Эвелина жевала бургер, сидя на диване и уткнувшись в телефон.
— Олесь, оставь её в покое. Выпусти уже, сколько можно издеваться над старухой! Погуляет пусть хоть по дому-то, ну!
— Я не издеваюсь! А здесь ей быть нельзя, и ты это прекрасно знаешь!
— Издэваэшься, — промычала Эвелина, запихав остатки булочки в рот. — Думаешь, ей нравится сидеть одной в комнате без окон и света? Сама так попробуй! А ещё там воняет…
— Ведро выноси вовремя! Я не могу водить её в душ и в туалет, когда мне вздумается, — зашипела Олеся, — если Артëм узнает, что я держу её здесь, он со мной разведётся!
— И правильно сделает, между прочим, — Эвелина залпом допила колу и кинула банку на пол. — Ты нарушаешь закон, вообще-то. И если кто узнает, что ты заперла бабку в подвале, Артём тоже будет отвечать. А он, бедняга, и не в курсе, — сестра ухмыльнулась.
— Тогда и ты будешь отвечать. Ты-то знаешь, — разозлилась Олеся, — я не забуду рассказать, что это ты помогла мне её спрятать! И в квартире бабушкиной живёшь тоже ты! Так что ты первый кандидат на наказание.
— Ладно-ладно, чего завелась-то? Квартира итак бы мне осталась, не надо вот. Просто говорю, что жалко ба. Не заслужила она такого на старости лет.
— Вот именно, не заслужила! Так что закрывай долбаные двери, и не забывай кормить ба и выносить ведро, как мы договаривались!
— Пффф, ладно, релакс, окей? Начала тут, — сестра насупилась и встала с дивана, запихивая телефон в задний карман джинс. — Я пошла. Завтра не жди, у меня дела.
— Какие ещё дела? — взвилась Олеся, — я на работе, кто за ба присмотрит?

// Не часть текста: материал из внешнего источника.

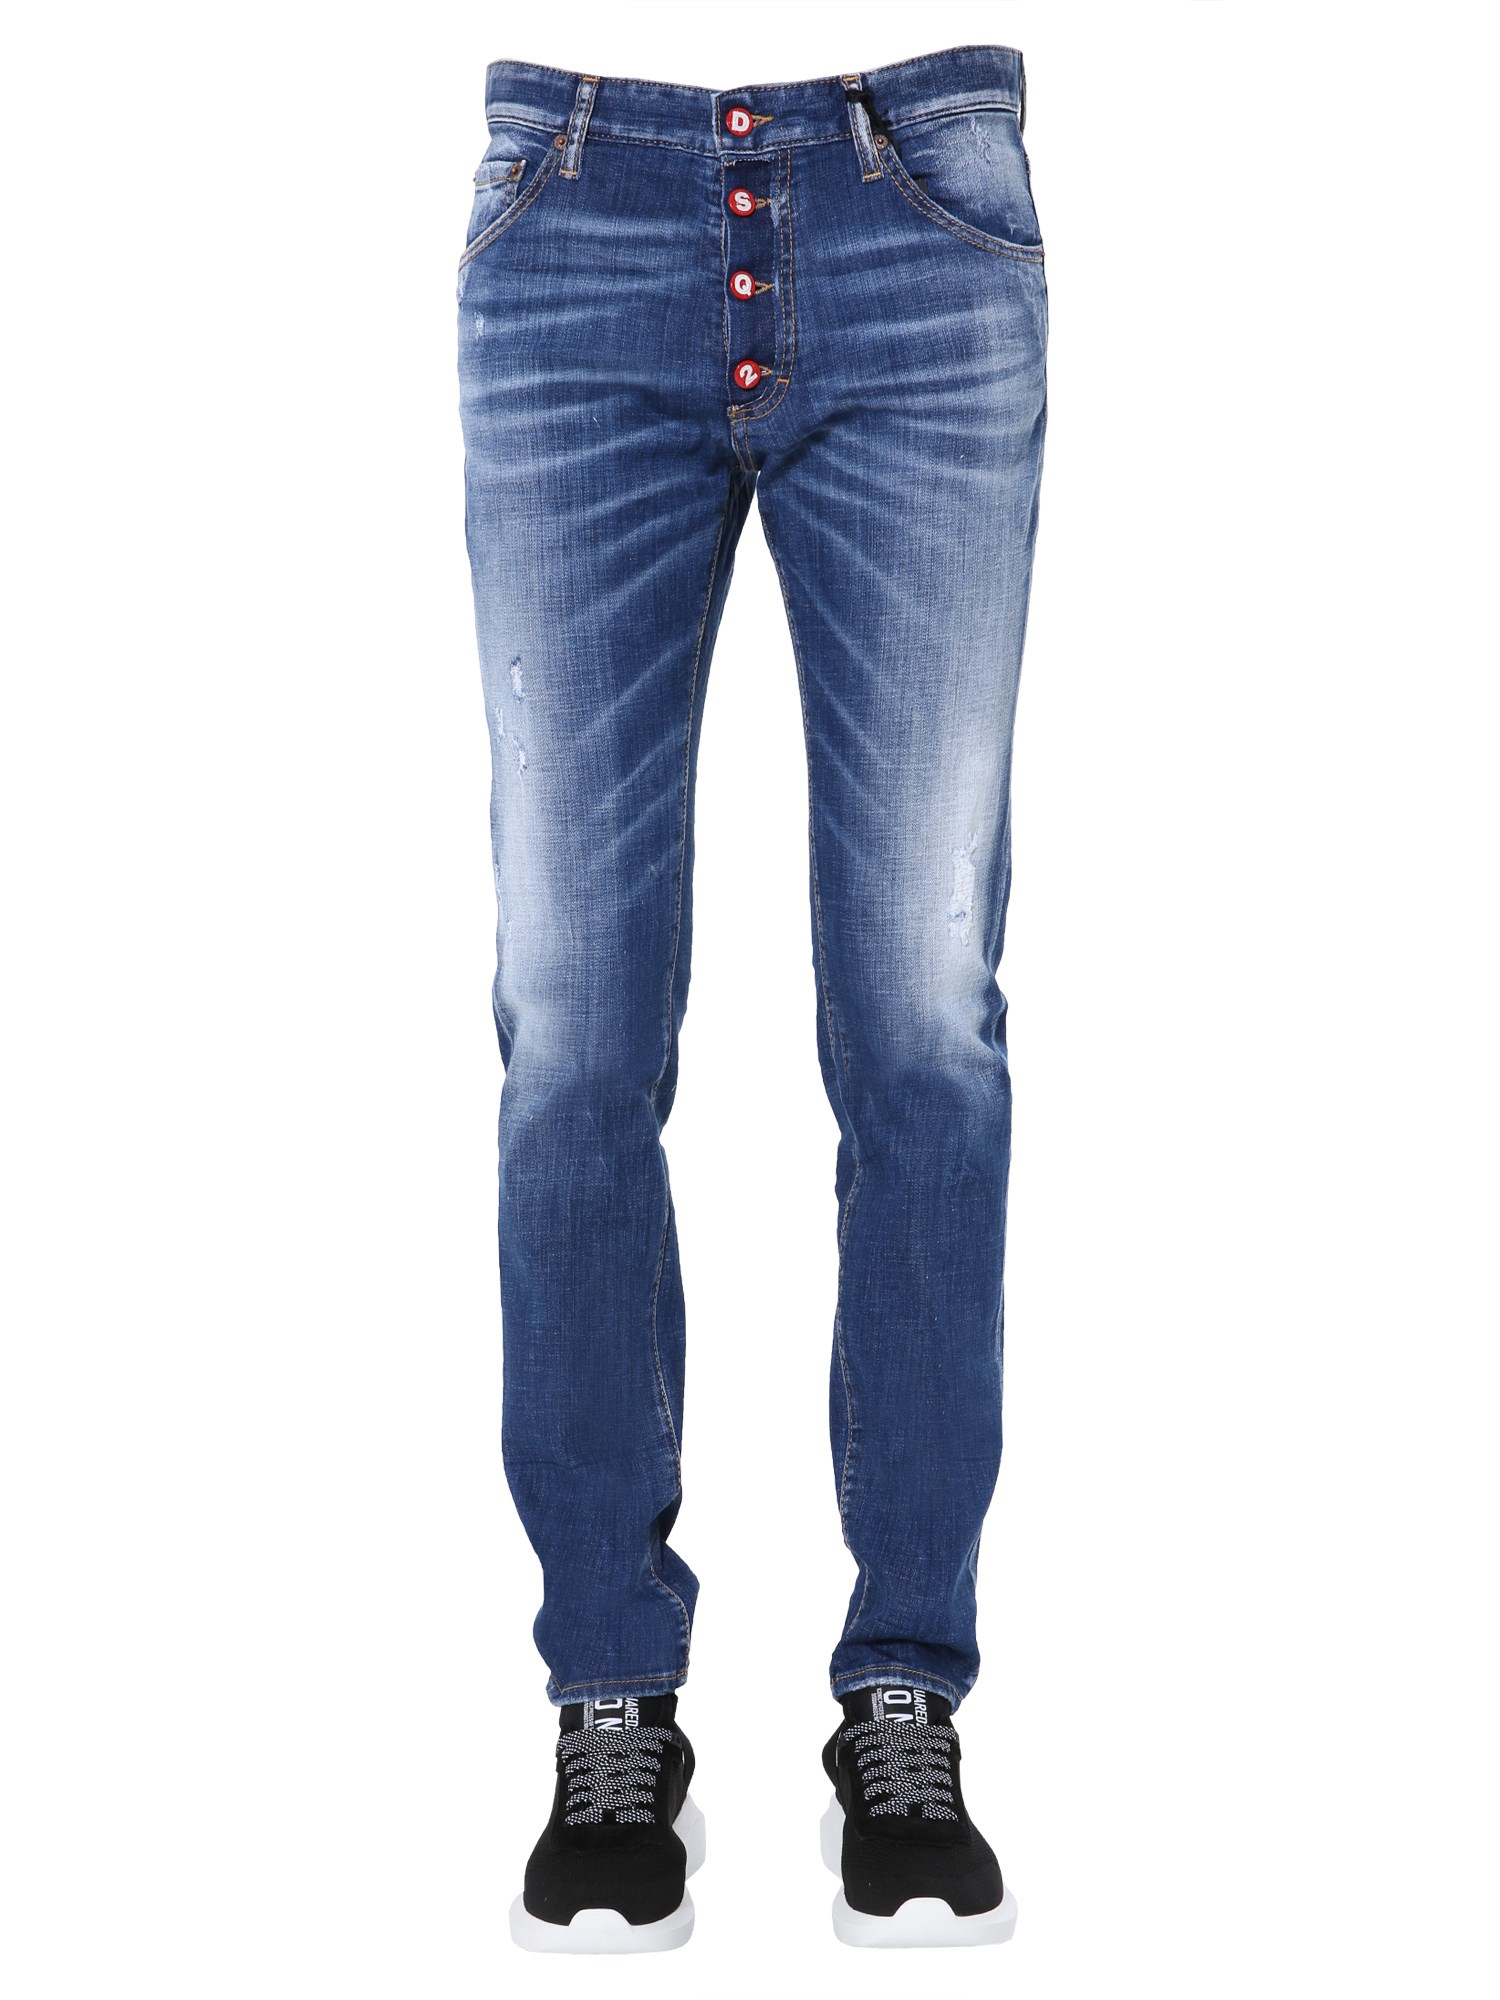 DSQUARED2 COOL GUY JEANS,173173

— Придумай что-нибудь, ты же умная, — бросила Эвелина и открыла дверь, собираясь уйти. Олеся подлетела к сестре, схватив её за плечо, развернула к себе и закричала:
— Ну уж нет! Её нельзя оставлять одну, а я не могу уйти с работы, придёшь завтра как миленькая!
— Да пошла ты со своей ба! У меня своя жизнь, не собираюсь присматривать за сумасшедшей старухой и ждать пока она сдохнет! Сама решай свои проблемы, я больше сюда не приду! — Эвелина оттолкнула Олесю и вылетела на улицу.
— А ну вернись! — заорала Олеся, но сестра уже скрылась за углом дома, зато занавеска на соседском окне отодвинулась и показалась любопытная физиономия занудного и весьма любопытного айтишника, жившего напротив.
Захлопнув дверь, Олеся издала рык, вцепилась в волосы и плюхнулась на диван.
Смятая банка и упаковка от бургера валялась под столом вместе с парой грязных салфеток — Эвелина, как и в детстве, никогда не убирала за собой, оставляя эту обязанность другим.
Где-то в районе сердца привычно заныло, мысли пошли по неизменному кругу: «Может, Эвелина права? Может, надо было сделать всё как положено? Но как потом жить? Как простить себе?».
Преступать закон оказалось сложнее, чем она думала. Но больше всего её волновало, что из-за её решения пострадает Артëм.
Глубоко вдохнув, Олеся встала и принялась за уборку. Муж скоро вернется, а ей надо успеть помыть и покормить ба, дать ей снотворное, чтобы она не бродила ночью, и проследить, чтобы ба не выплюнула таблетки и заснула.
— Ба, — Олеся легонько потрясла бабушку за костлявое плечо. — Просыпайся, пора купаться!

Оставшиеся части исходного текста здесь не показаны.